# WHAT YOU WILL DO:
The records are to be repeated in full, with the images removed.

** Opening THE INPUT block **

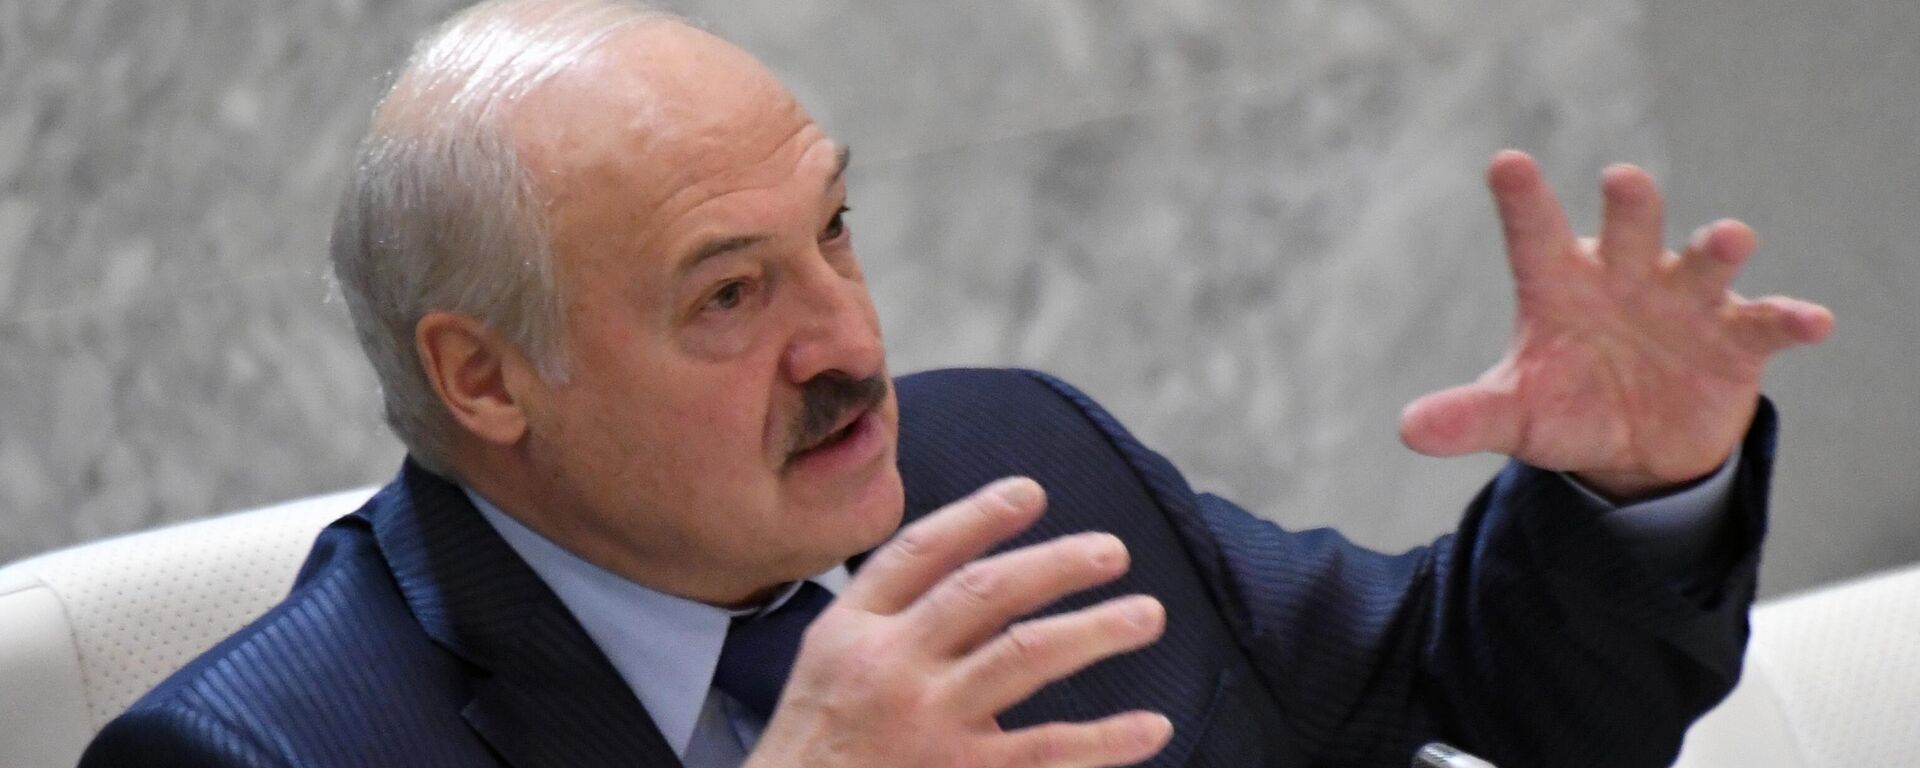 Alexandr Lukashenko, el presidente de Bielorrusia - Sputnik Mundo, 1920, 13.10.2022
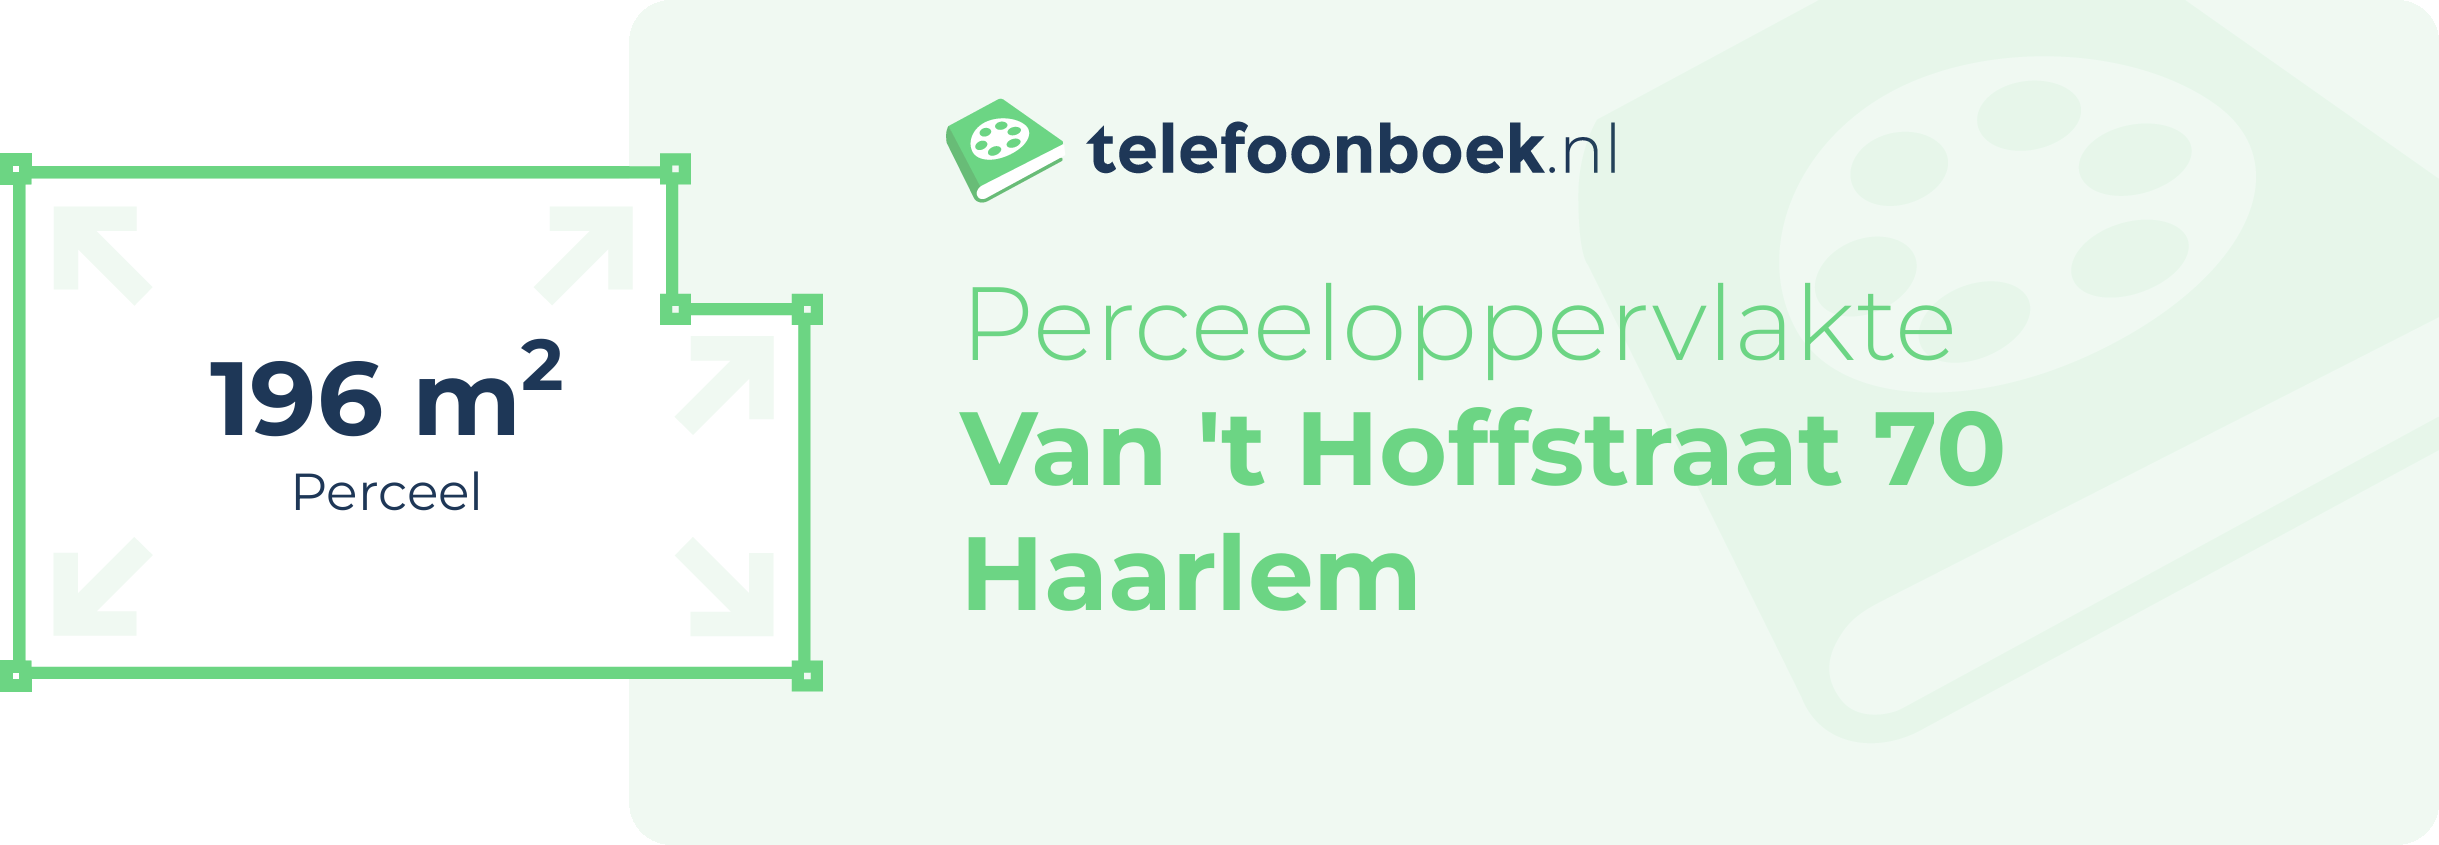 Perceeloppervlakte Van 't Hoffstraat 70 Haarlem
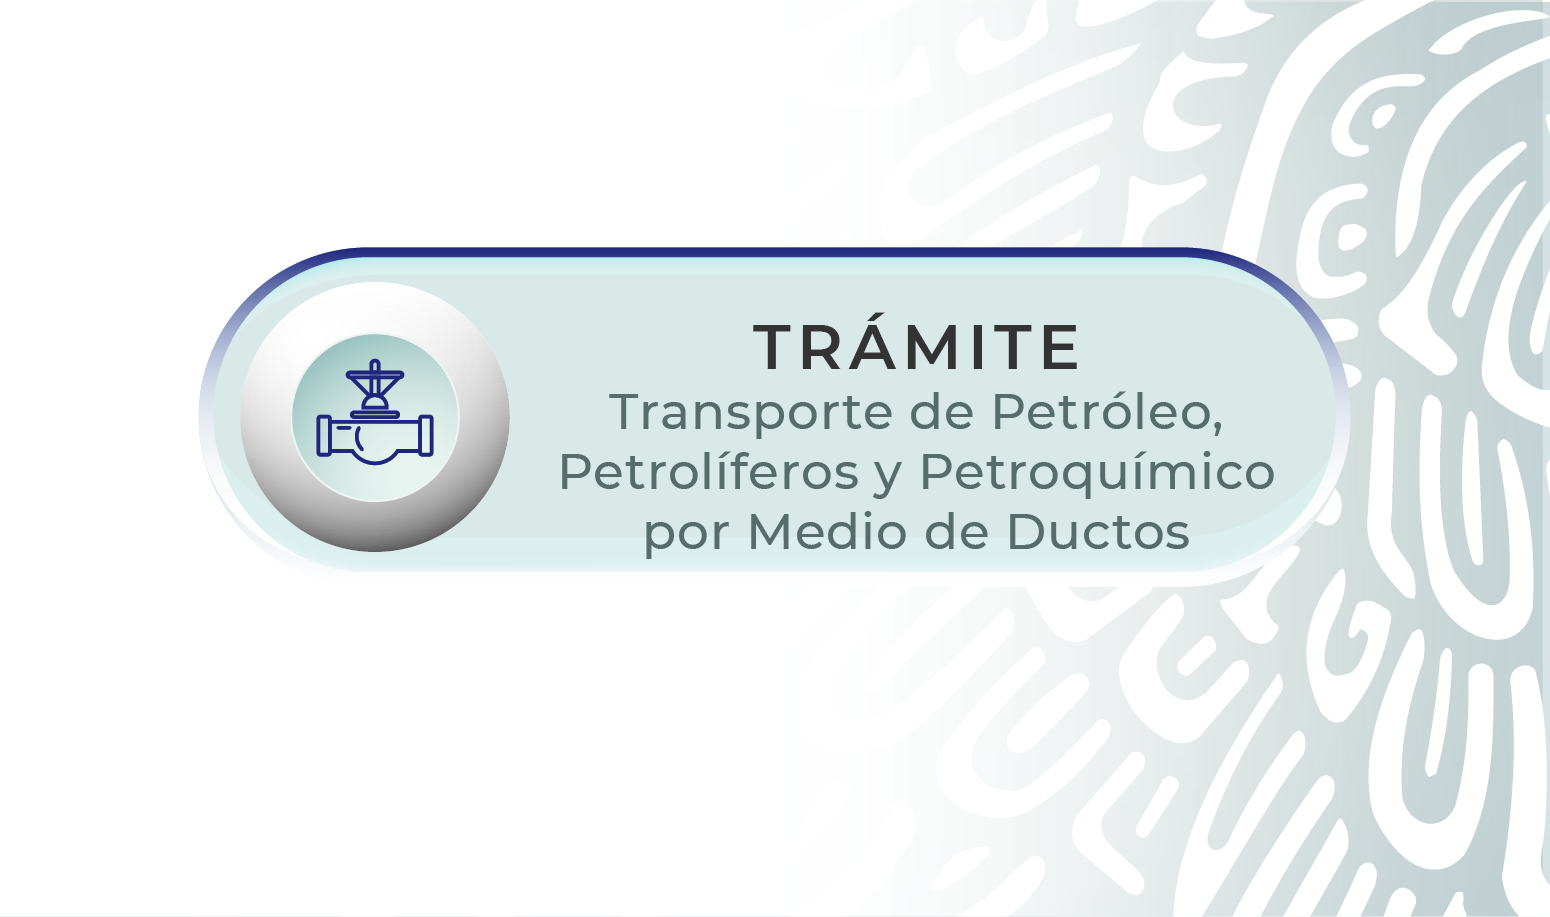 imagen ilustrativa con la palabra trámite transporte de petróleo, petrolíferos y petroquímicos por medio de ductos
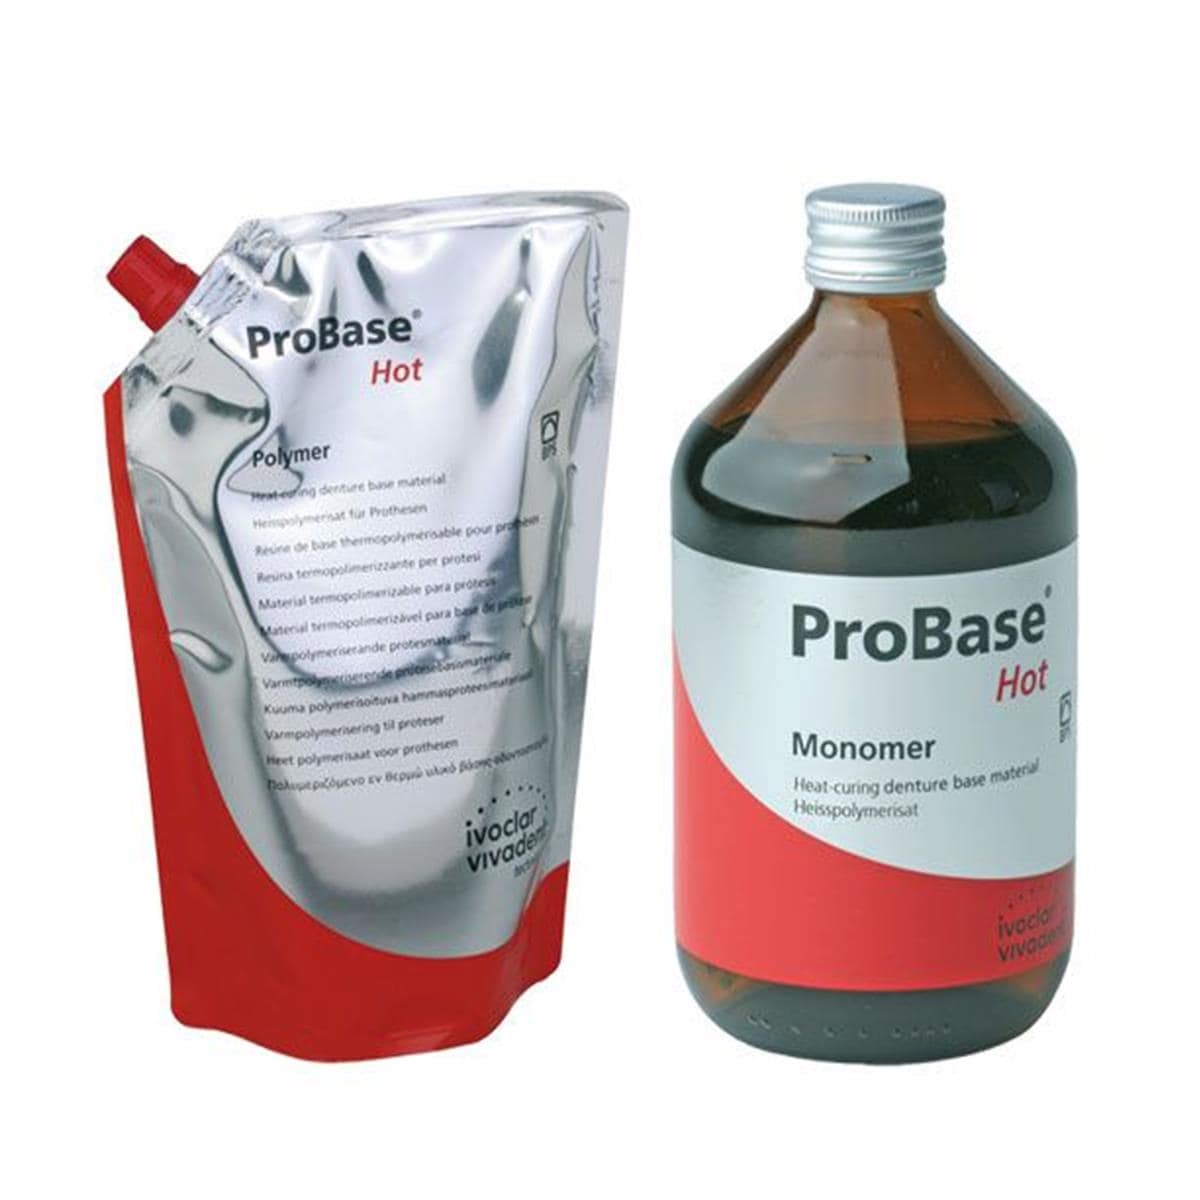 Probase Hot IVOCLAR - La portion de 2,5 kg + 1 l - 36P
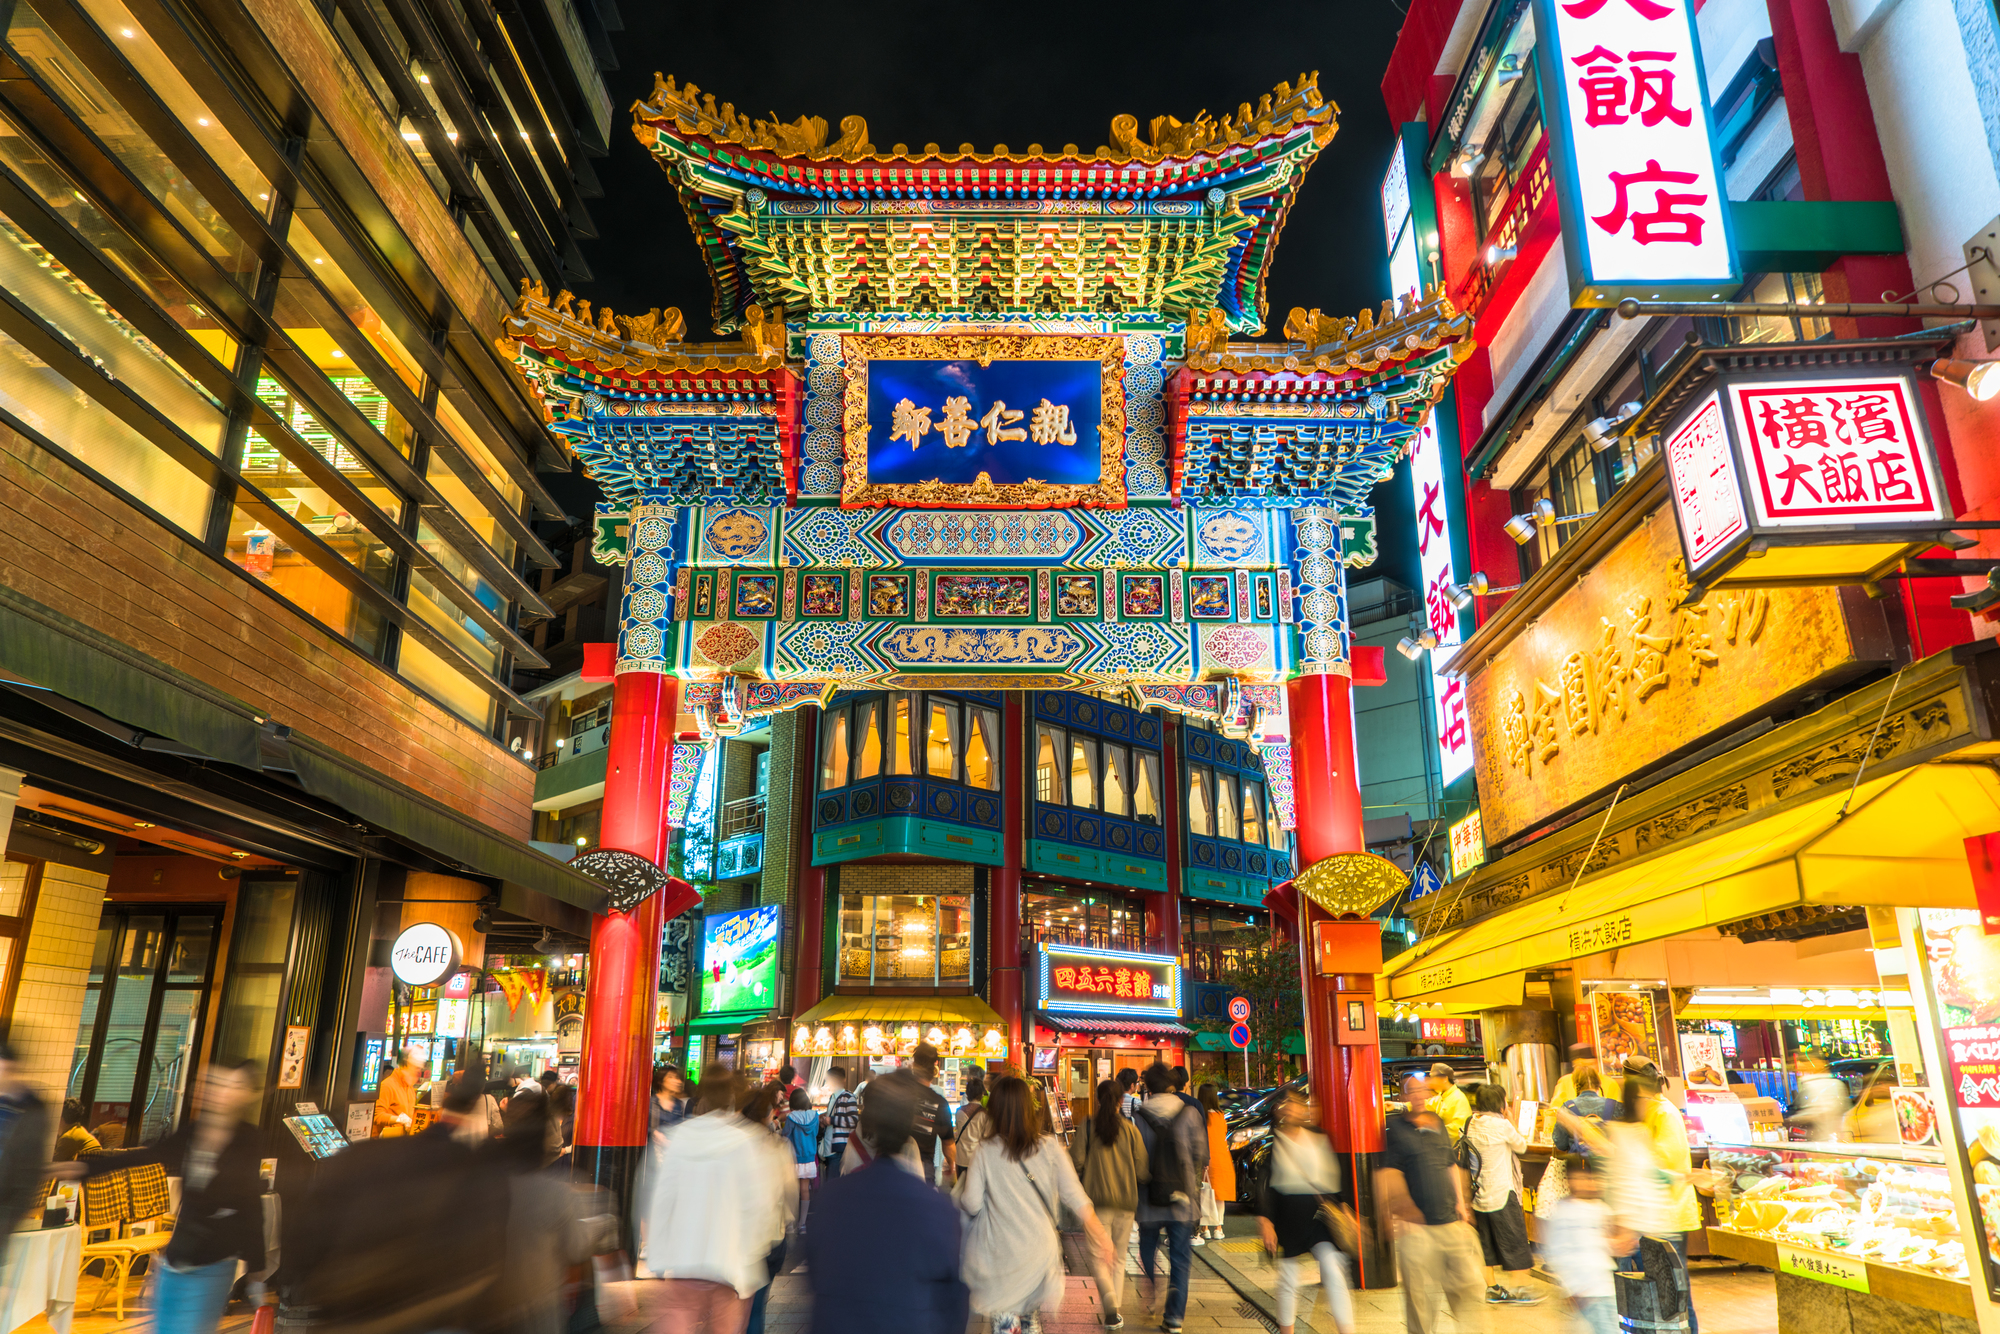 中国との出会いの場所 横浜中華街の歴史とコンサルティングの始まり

** Closing THE INPUT block **

# ANSWER SPACE:
 Alexandr Lukashenko, el presidente de Bielorrusia - Sputnik Mundo, 1920, 13.10.2022
 Perceeloppervlakte Van 't Hoffstraat 70 Haarlem
 imagen ilustrativa con la palabra trámite transporte de petróleo, petrolíferos y petroquímicos por medio de ductos
 Probase Hot IVOCLAR - La portion de 2,5 kg + 1 l - 36P
 中国との出会いの場所 横浜中華街の歴史とコンサルティングの始まり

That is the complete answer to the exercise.